Littlefork, with a population of 705, earned a 4.3 percent net profit of $15,544 in 2006 from liquor store operations.
Yet, Fairchild notes, that not everyone agrees with the concept of a municipal liquor store. He said some feel it is unfair competition and others think alcohol “a dirty business.”
“There are pros and cons,” said Fairchild. “But in a small place like this it is a good thing.”
The store is not a liability, but the Littlefork City Council has discussed selling the store to private owners, said Fairchild. One reason is that in his four years as manager, the liability coverage has doubled to more than $10,000 annually.
“That is the difference between making a profit or not in the small towns,” said Kaspszack.

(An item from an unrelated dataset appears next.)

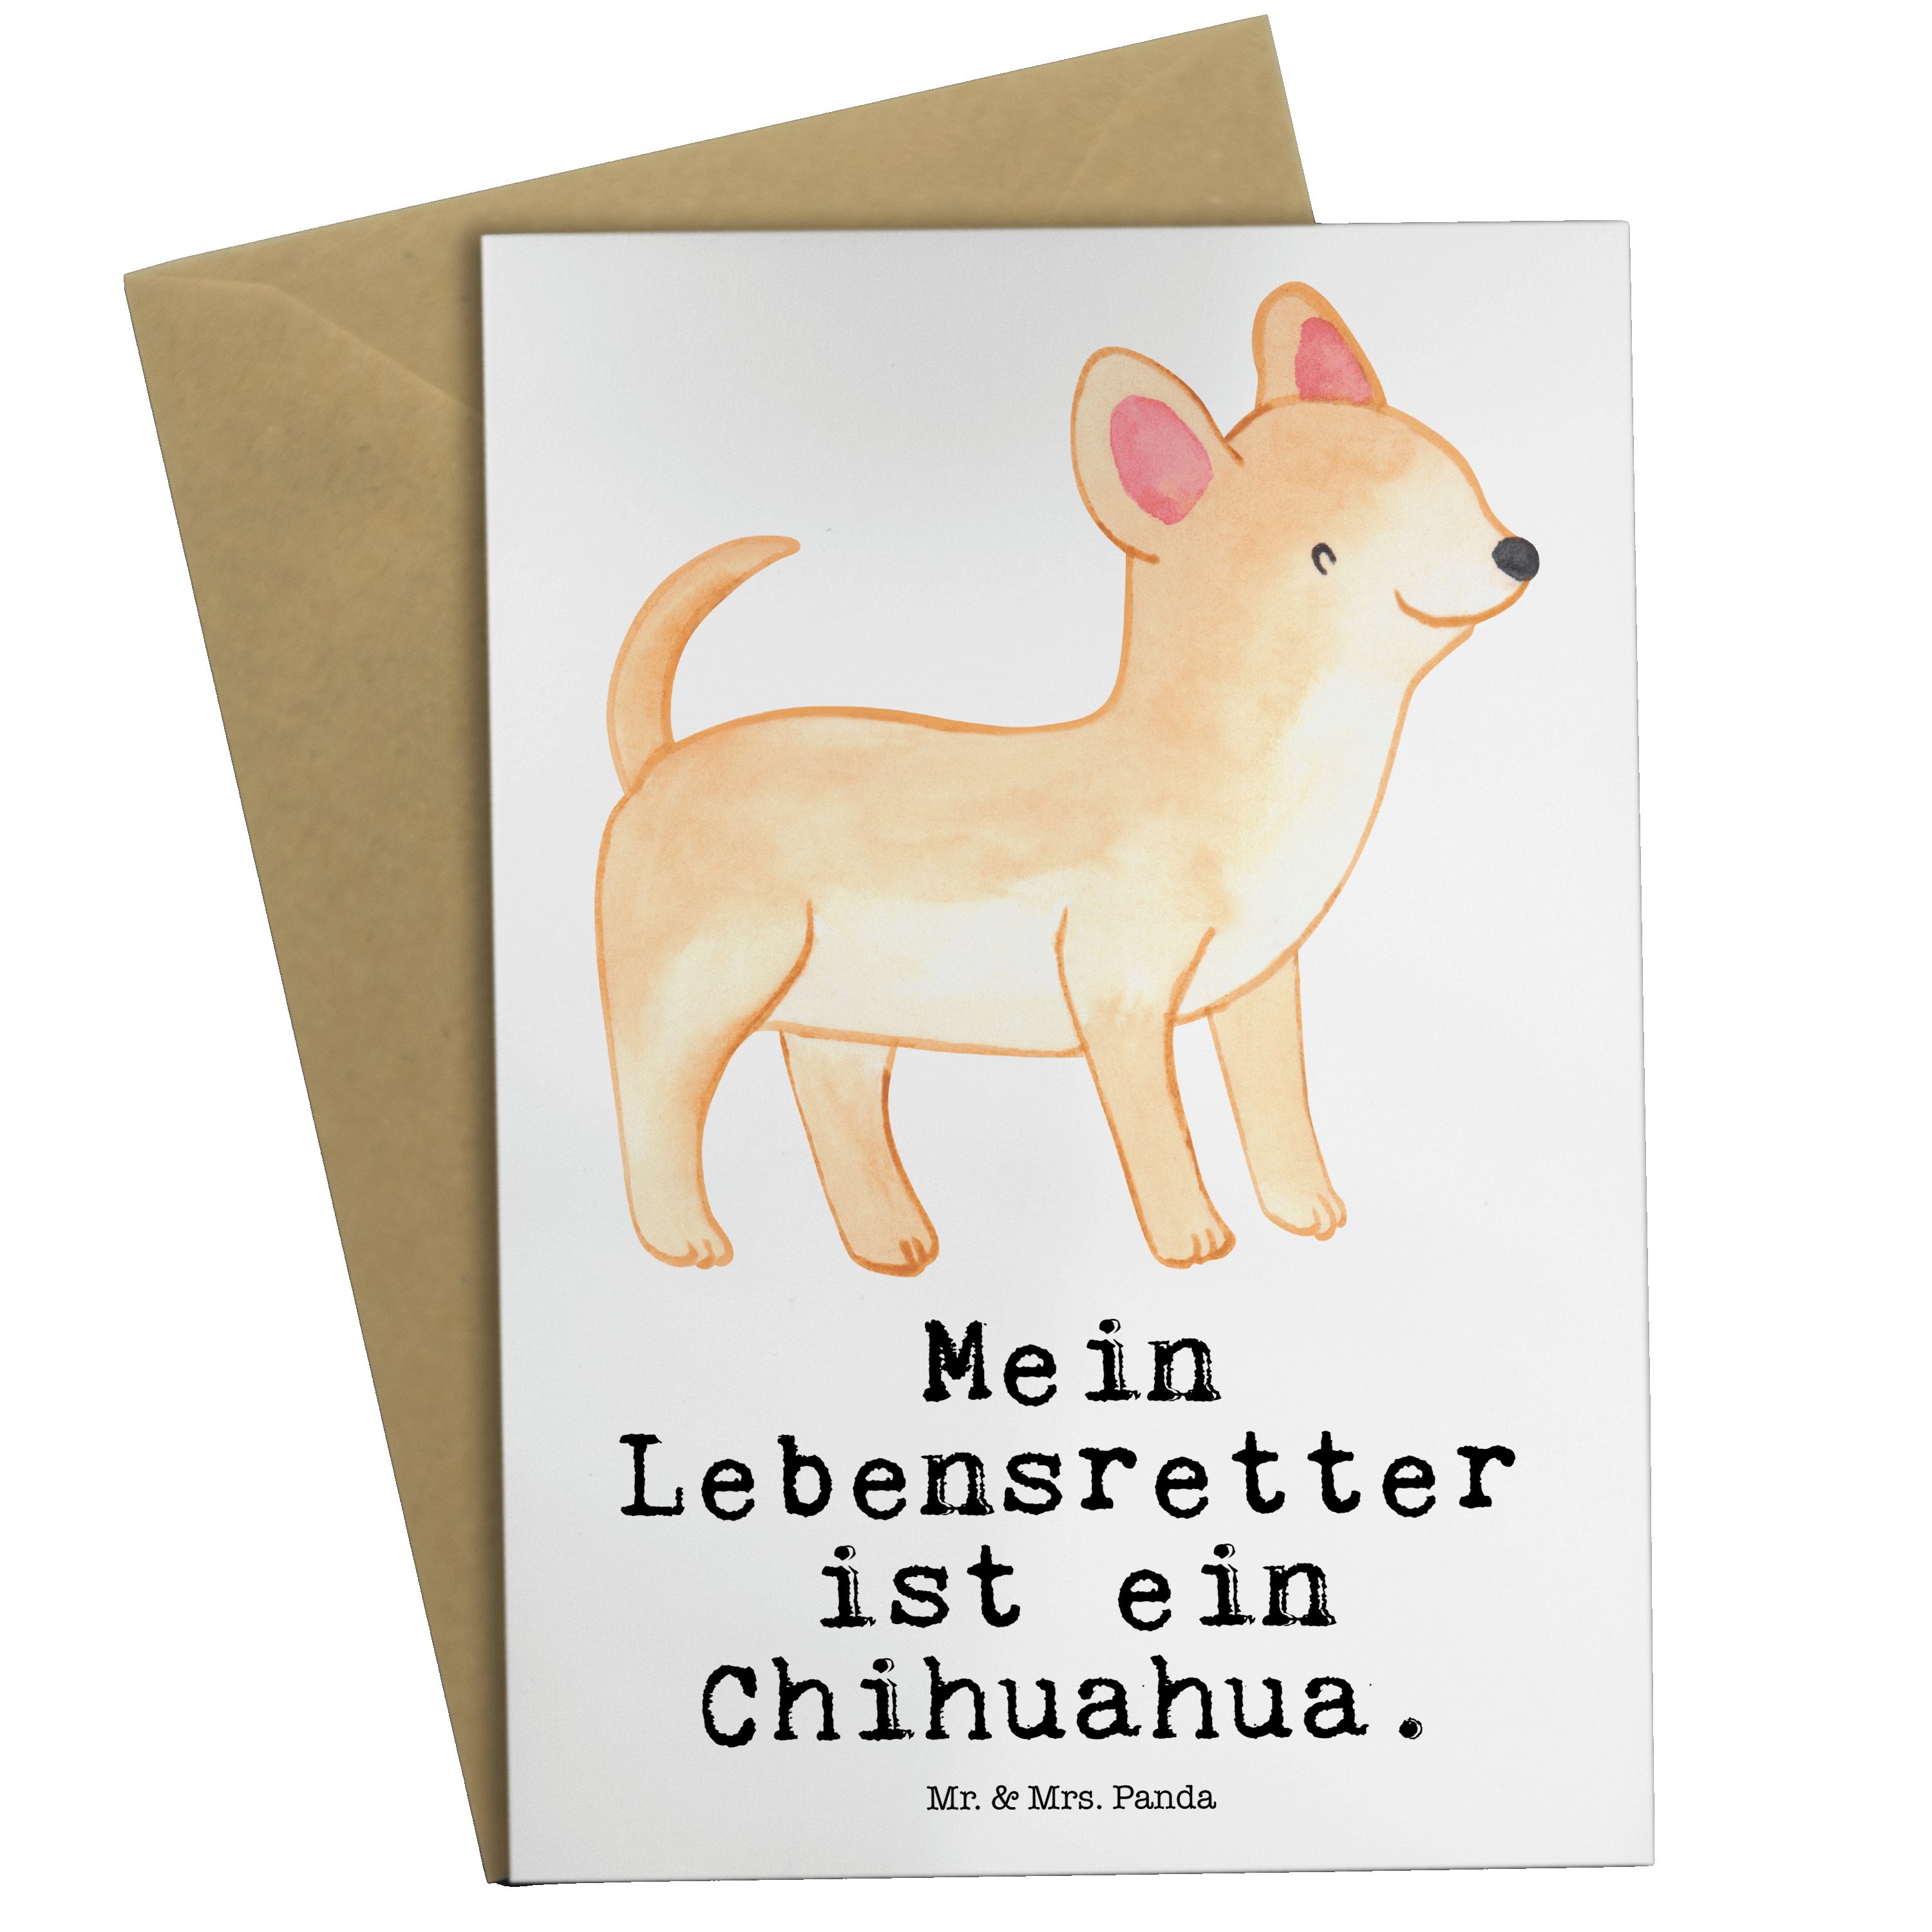 Mr. & Mrs. Panda Grußkarte Chihuahua Lebensretter - Weiß - Geschenk, Geburtstagskarte, Rassehund

The city of Ranier operates an on- and off-sale municipal liquor store. With a population of 173, the city showed an 8.5 percent net profit of $31,163 in 2006. The city transfers $5,000 of the profit to the city’s general fund each quarter.

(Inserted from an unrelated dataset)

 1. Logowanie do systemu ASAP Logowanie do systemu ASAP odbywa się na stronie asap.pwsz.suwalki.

“We have not lost money, but some years are good and sometimes we struggle,” said Gretchen Cole, store manager since 1997.
Cole said city officials like to have control of store hours. The store closes early enough to discourage people from driving to Ranier from nearby bars.
“Otherwise, we would be the last bar open and would carry that liability,” she added.
The resorts and restaurants in the area offer different types of services and Cole says they are not competition, and actually increase her business by bringing more people to town.
“If I could change anything it would be putting in a bigger parking lot,” she said. “Other than that, we are a quaint village bar and like a family. We welcome tourists and we all have a good time.”
Big Falls runs an on- and off-sale establishment in a city of 269. The liquor store had total sales of $311,429 with 6.2 net profits of $19,365 in 2006. The city transferred $5,000 in liquor store funds to the city general fund.
Joan Nelson, city clerk, said the store is a service to local residents and provides jobs in addition to generating city revenue. The city added a deep fryer food service to the liquor store and the Lions Club runs a charitable pull tabs booth.
The city council has considered selling to private ownership but the down years discourage private ownership, Nelson added. The Dram shop, a term for liquor store insurance, the smoking ban, and poor hunting, snowmobile and tourist seasons all impact sales, she said.
The Municipal Beverage Association is officially neutral on the tobacco ban with members on both sides. He cautioned businesses not to take a ‘sky is falling’ perspective and look at the change as they would any other factor in running a business.
“Those that are not doing well are saying there is no other way to do business,” Kaspszack said.
Kaspszack said cities get out of municipal liquor for three reasons. The first is purely political. A given council or councilor has an interest in supporting a move to private owners, or change their perspective of whether government should view alcohol as a commodity or a controlled substance. The second, he said, is bad management. The third is the decline of a town and its population base.
Another risk to municipals, he added, is stagnant operations and cities that view the stores as source of revenue, without any reinvestment planning for remodeling and expansion.
“They need to step back and understand the history that led to this, evaluate the community need and develop and approach,” he added.